In the meantime, if you are struggling to find a property to rent with your pet, you can do a few things:
- Ask your former landlord for a reference to prove that your pet has been well behaved and caused no issues at the property.
- Most rental contracts are Assured Shorthold Tenancy agreements and can be amended to suit both parties before you sign. You could suggest things such as: an agreement that you will cover the costs of a professional clean of the property, or that you will allow regular inspections of the property during the course of the tenancy or even suggest paying a bigger deposit to cover potential costs of damage caused by your pet.
- Pay a slightly higher rent.
- Introduce your pet to the landlord to see how your animal interacts with strangers and how well behaved he is.
- Once you have permission for a pet, ensure that the terms are written into your contract to prevent future misunderstandings.
From my personal experience, the main reason why landlords do not want dogs in the property they are letting is because of the noise, especially barking, because most of the times it can lead to complaints from the neighbours so it is quite difficult to find a flat in a property to rent alongside your dog companion. Pet smells are another concern as they can leave a lingering odour in a property that can only be removed with a professional cleaning. Most UK properties use carpets as the most popular floor covering and they require a bit of effort to clean.
Now let’s mension some of the positive aspects why landlords should allow tenants with pets.
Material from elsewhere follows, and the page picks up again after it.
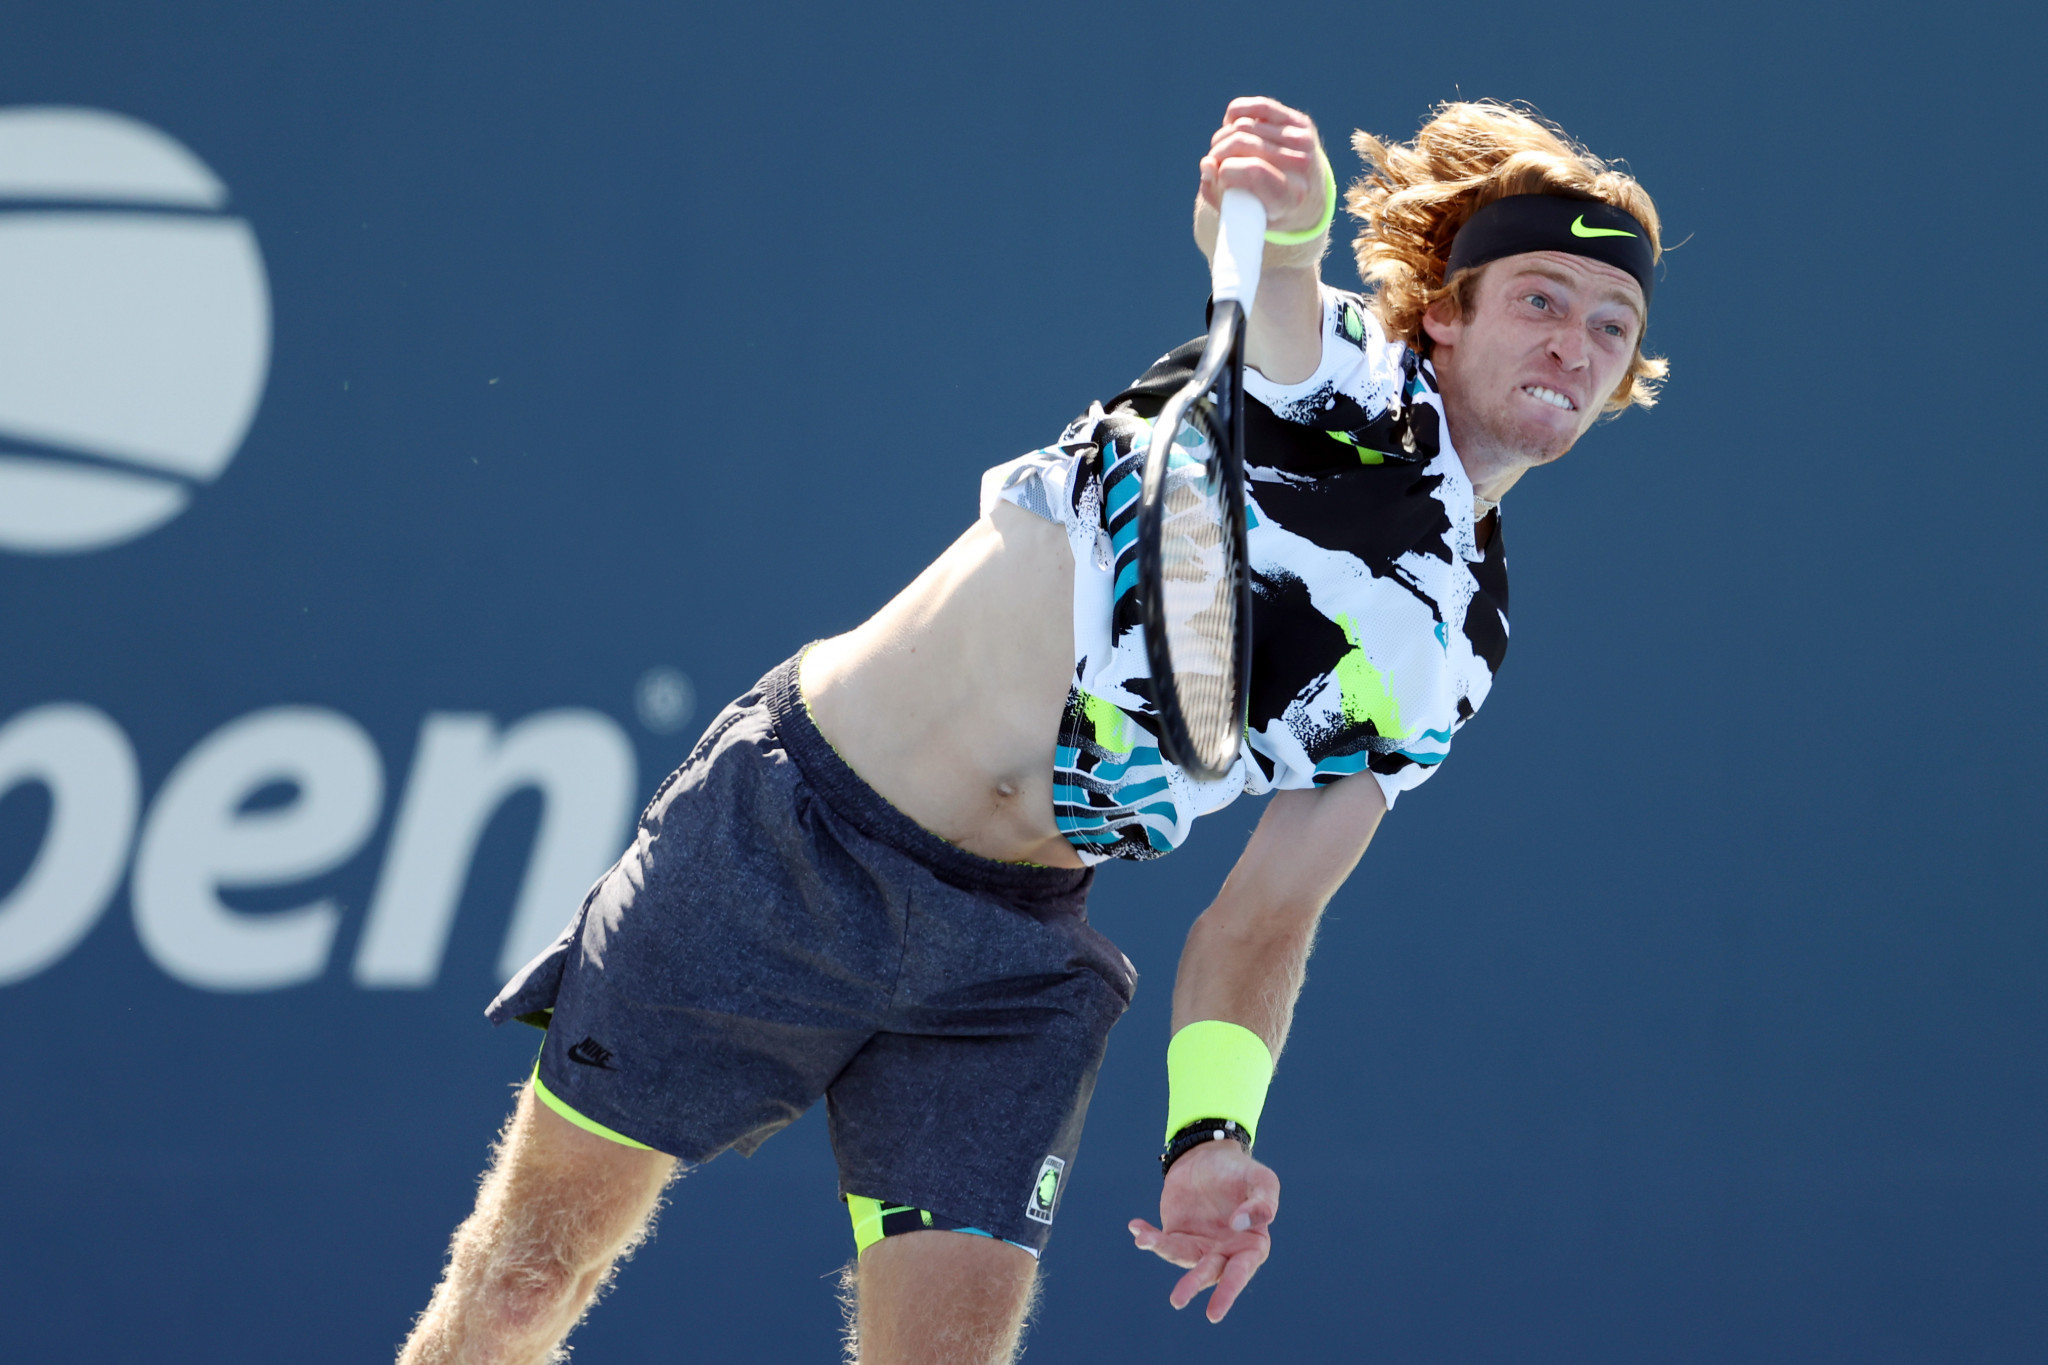 Another Russian in the fourth round is Andrey Rublev, who beat Italy's Salvatore Caruso 6-0, 6-4, 6-0.©Getty Images

According to ‘Pet Friendly Rentals’ by not accepting pet owners, Letting Agents are decreasing their potential market by 50% (there are 78% pet owners in the UK according to a recent survey by the Dogs Trust). Secondly, pet owners are long-term tenants due to the fact that it is so difficult at the moment to find a pet-friendly property and lastly, dogs can be a good form of security so they will add extra protection to any location.